我不确定候选人和选票之间是否存在 1:1 的关系(我不是美国公民,我不知道列出的候选人是否会投票或被投票)。所以我决定只使用假数据。
const std::string input =
"Republican Senator John McMahon\n"
"Democrat Senator Anthony Quizitano\n"
"S R\n"
"S R\n"
"S R\n"
"Democrat Mayor Steven Markel\n"
"Republican Judge Matt Stevens\n"
"M D\n"
"J R\n"
"S R\n"
"S R\n";
然而,该代码可用于这两种目的。
- 我让输入出现的顺序变得不重要。
- 但是,您可以选择断言单个字母 (S,M,J) 实际上对应于该点之前列出的位置。通过取消注释检查启用此功能
posletter_check
在http://liveworkspace.org/code/d9e39c19674fbf7b2419ff88a642dc38上查看演示
#define BOOST_SPIRIT_USE_PHOENIX_V3
#define BOOST_RESULT_OF_USE_DECLTYPE
#include <boost/fusion/adapted.hpp>
#include <boost/spirit/include/qi.hpp>
#include <boost/spirit/include/phoenix.hpp>
#include <iomanip>
namespace qi = boost::spirit::qi;
namespace phx = boost::phoenix;
struct Candidate { std::string party, position, name; };
BOOST_FUSION_ADAPT_STRUCT(Candidate, (std::string, party)(std::string, position)(std::string, name))

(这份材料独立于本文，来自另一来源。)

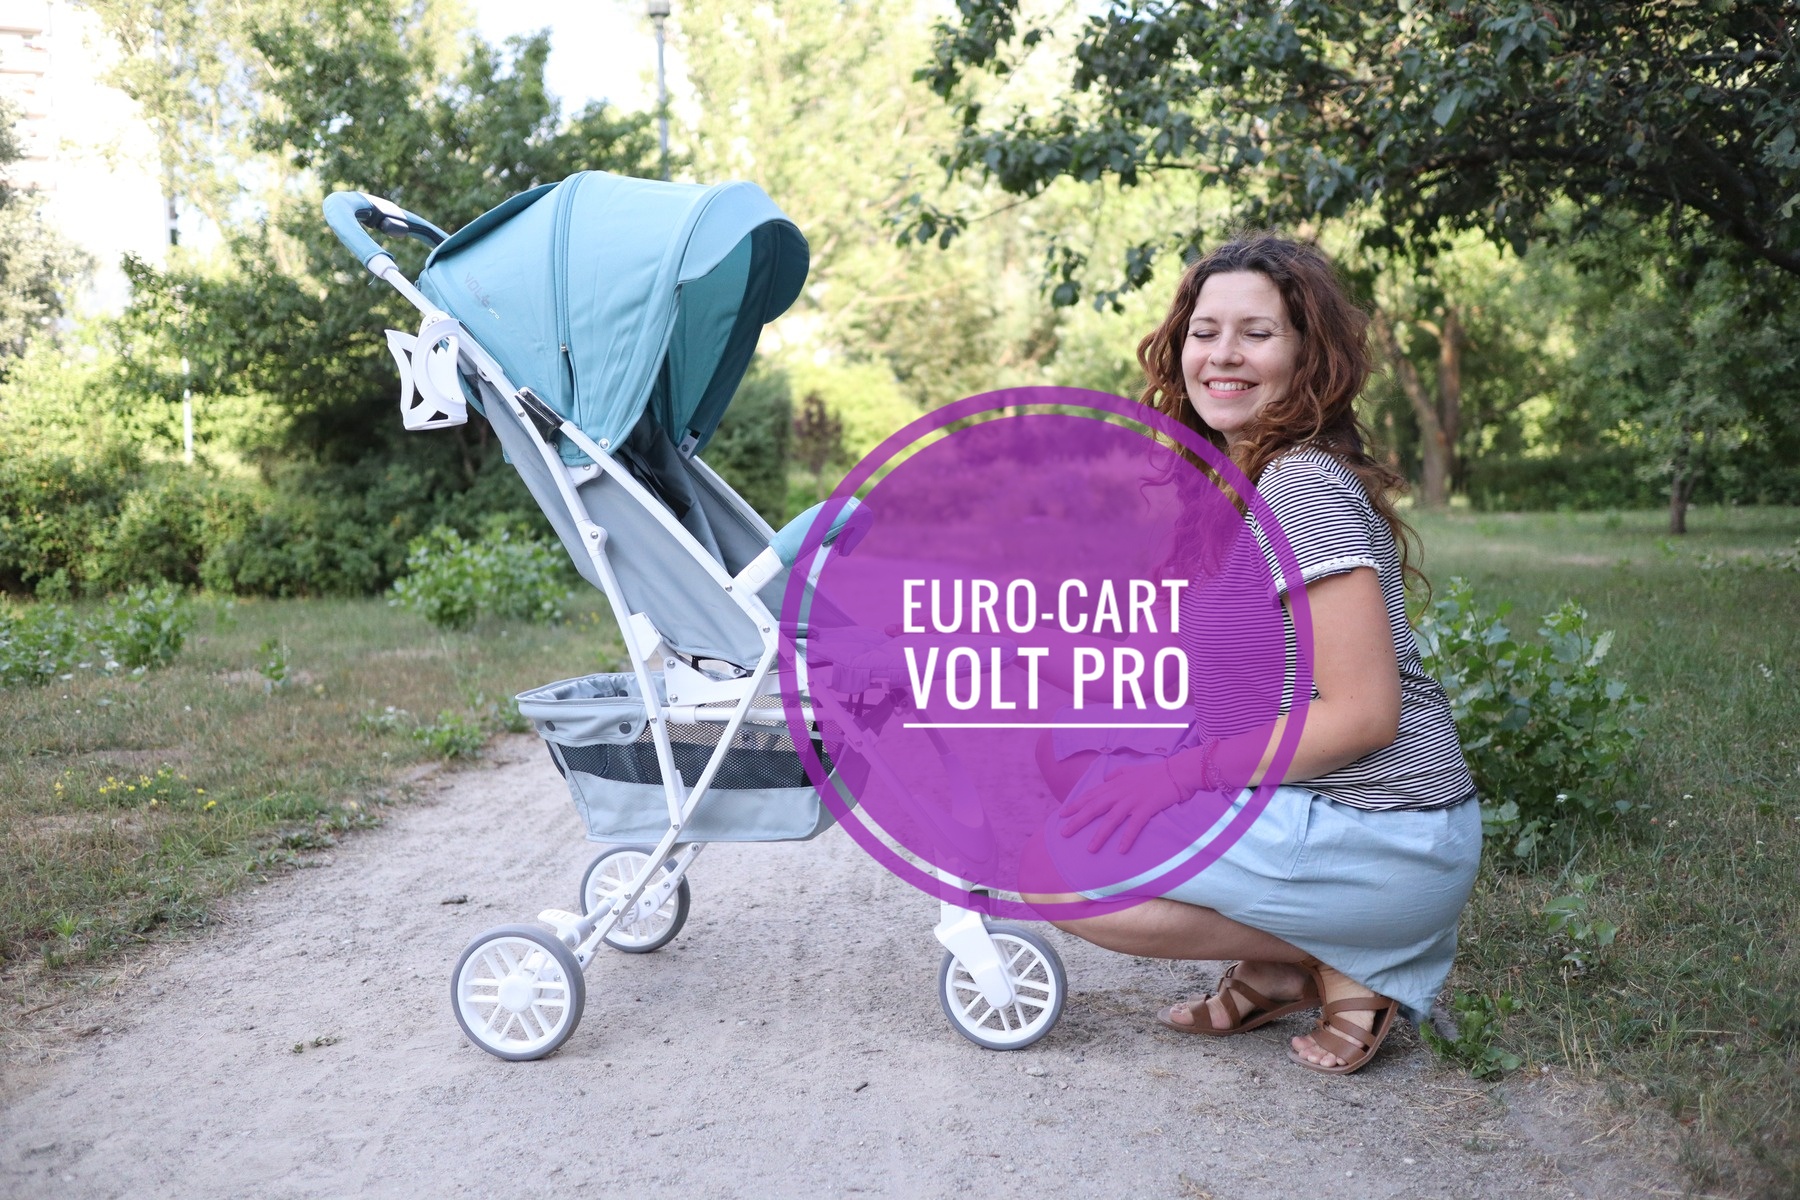 Euro-cart Volt Pro

typedef std::map<std::pair<char, char>, size_t> Votes;
typedef std::vector<Candidate> Candidates;
template <typename It>
struct parser : qi::grammar<It>
{
mutable Votes _votes;
mutable Candidates _candidates;
parser() : parser::base_type(start)
{
using namespace qi;
using phx::bind; using phx::ref; using phx::val;
start = (line % eol) >> *eol >> eoi;
line =
vote [ phx::bind(&parser::register_vote, phx::ref(*this), _1) ]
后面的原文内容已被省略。